DM Testing Ethics, accuracy of test

Rethinking DM Genetic Testing: Genetics, Ethics, Accuracy, Future of Breeding. – Abhai Kaul

Ethical Consequences of misapplying the the findings from DM Genetic Testing.


The numbers in the Venn diagram represent the relative weight of concerns in each category and their intersections. Here’s a breakdown of what each section means: 

Individual Categories

  • 10 (Genetic Testing Limitations Only)  
  • Issues that stem directly from the test itself, without relying on statistical analysis or ethical concerns.  
  • Example: The test only identifies genetic predisposition, not disease onset.  
  • 10 (Bayes’ Theorem Use Only)
  • Problems that arise when trying to apply Bayesian probability to DM test results.  
  • Example: The prior probability (P(A)) of developing DM is uncertain, making the final probability unreliable.  
  • 15 (Ethical Concerns Only)  
  • Ethical questions unrelated to the accuracy of the test or statistical models.  
  • Example: Is it ethical to exclude genetically “At Risk” dogs from breeding when many never develop symptoms?  

Overlapping Categories

  • 8 (Genetic Testing & Bayes’ Theorem Overlap) 
  • How the limitations of the test directly affect the reliability of Bayesian analysis.  
  • Example: The test has a high rate of false positives, which skews Bayes’ Theorem calculations.  
  • 18 (Genetic Testing & Ethical Concerns Overlap)  
  • Ethical dilemmas caused by flaws in the genetic test itself.  
  • Example: Should owners be making health decisions based on an unreliable test?  
  • 7 (Bayes’ Theorem & Ethical Concerns Overlap)
  • Ethical problems that arise when statistical models mislead owners or breeders.  
  • Example: If the probability of developing DM after testing “At Risk” is lower than expected, should owners be warned about unnecessary panic?  

All Three Categories:

(Overlap of Genetic Testing, Bayes’ Theorem, and Ethics)
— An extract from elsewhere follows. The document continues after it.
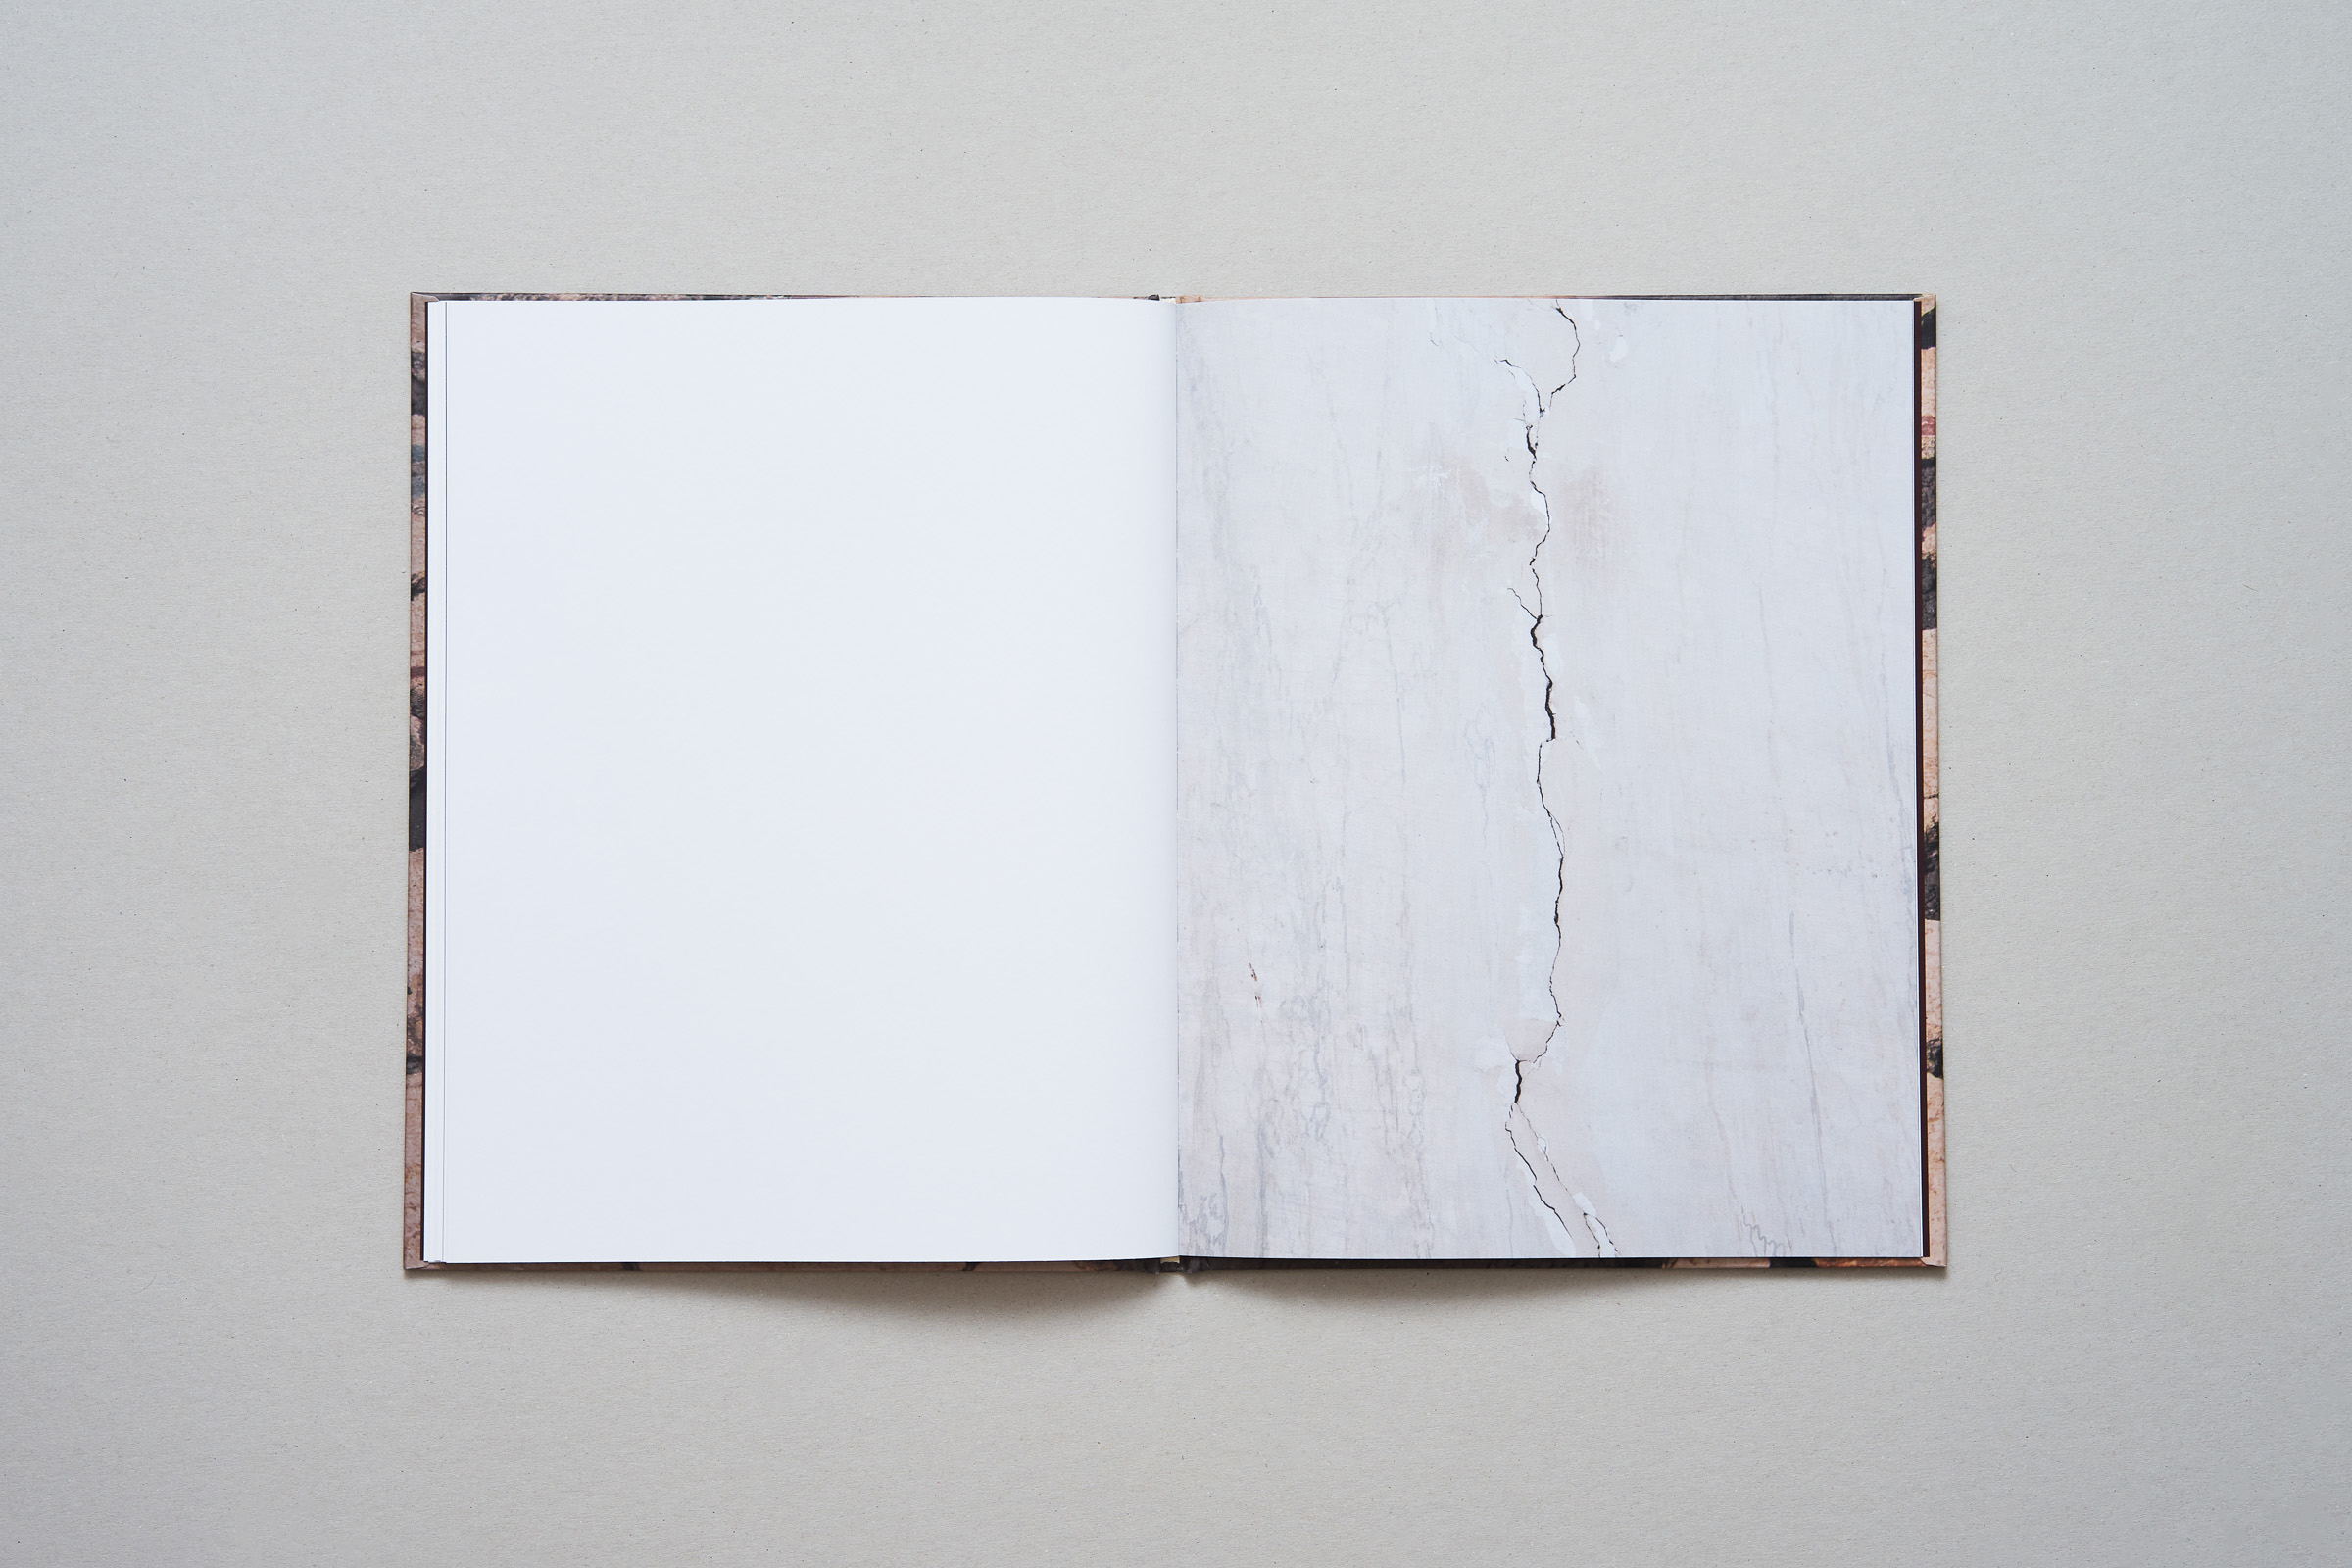 Shane Lavalette — New Monuments — Book

  • 5 (Intersection of All Three Areas)
  • Issues that tie together test reliability, statistical misinterpretation, and ethical concerns.  
  • Example: Testing companies may present results without statistical context, leading to flawed health and breeding decisions.  

What This Means

1. The biggest concern (18) is ethical, indicating that how we use test results matters as much as the science behind them.

2. Genetic testing (10) and Bayes’ Theorem (10) each have individual issues, but their intersection (8) shows that misinterpreting test data statistically can amplify problems.
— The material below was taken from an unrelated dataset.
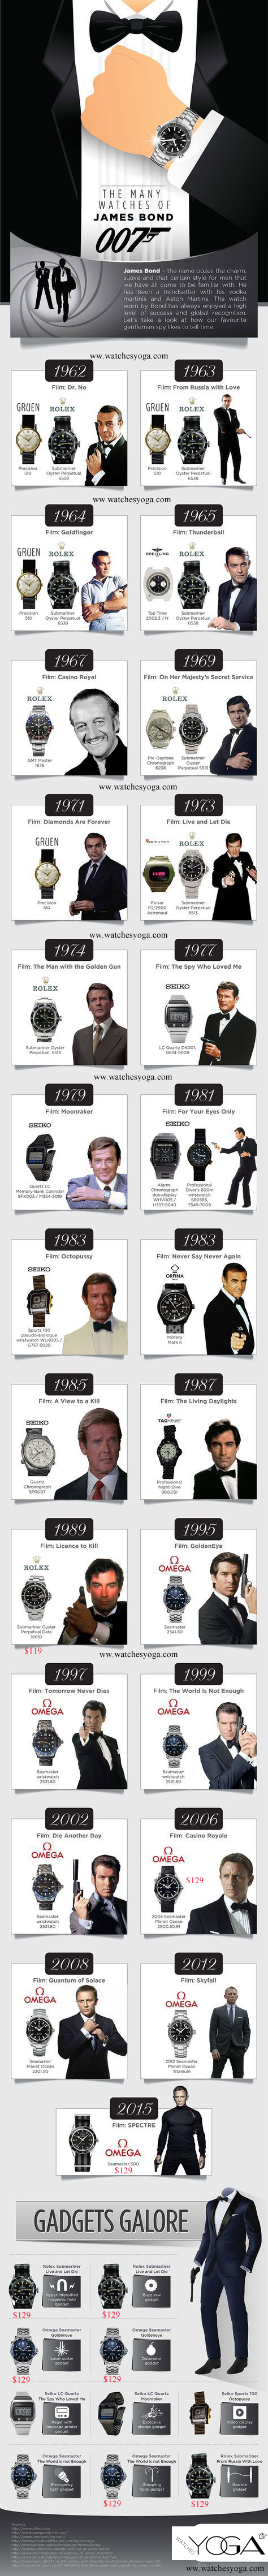 infographic The luxury replica watches of James bond 007 you will like

3. The core problem (5) is when all three issues converge, such as when misleading test results create statistical confusion and lead to unethical decision-making.

Breakdown of the Venn Diagram with Emphasis on Ethical Dilemmas from Test Inefficiency  

The most critical overlap in this discussion is between Genetic Testing Limitations and Ethical Concerns (18). This section focuses on how the inefficacy of the test contributes to unethical exclusion of dogs from the breeding pool, despite their potential to improve the breed in other ways.  

Key Takeaways

  • Genetic Testing & Ethical Concerns Overlap (18)
  • Excluding genetically “At Risk” dogs removes valuable contributions to the breed. 

A dog with exceptional working ability, sound structure, or strong longevity genes might be discarded based solely on an unreliable test.  

  • False positives are particularly damaging. 

Because many “At Risk” dogs never develop DM, removing them from breeding programs is an unnecessary restriction that reduces genetic diversity.  

  • A flawed test influences irreversible decisions. 

Unlike a health screening for a currently existing disease, DM genetic tests are being used preemptively to eliminate breeding options—despite the fact that many of these dogs will never experience symptoms.  While Bayesian misinterpretations can cause confusion, the real-world impact is more about test limitations than statistical error.  

Ethical concerns arise independently of statistical flaws—even if interpreted correctly, the test itself is still problematic.  The primary concern is not just misinterpreting the test, but the flawed decision-making that results from over-reliance on it.  

  • The breed-wide impact is long-term and systemic. 

Widespread over-reliance on this test can lead to an artificially restricted gene pool, potentially increasing the prevalence of other heritable diseases that are not being considered.  

Why This Overlap is More Significant than Others

While Bayes’ Theorem’s application still plays a role in misinterpretation of test results, the real-world impact is felt most strongly in breeding ethics. The consequences of excluding genetically valuable dogs go beyond just miscalculated probabilities— they have tangible, long-term effects on the health and viability of future generations.  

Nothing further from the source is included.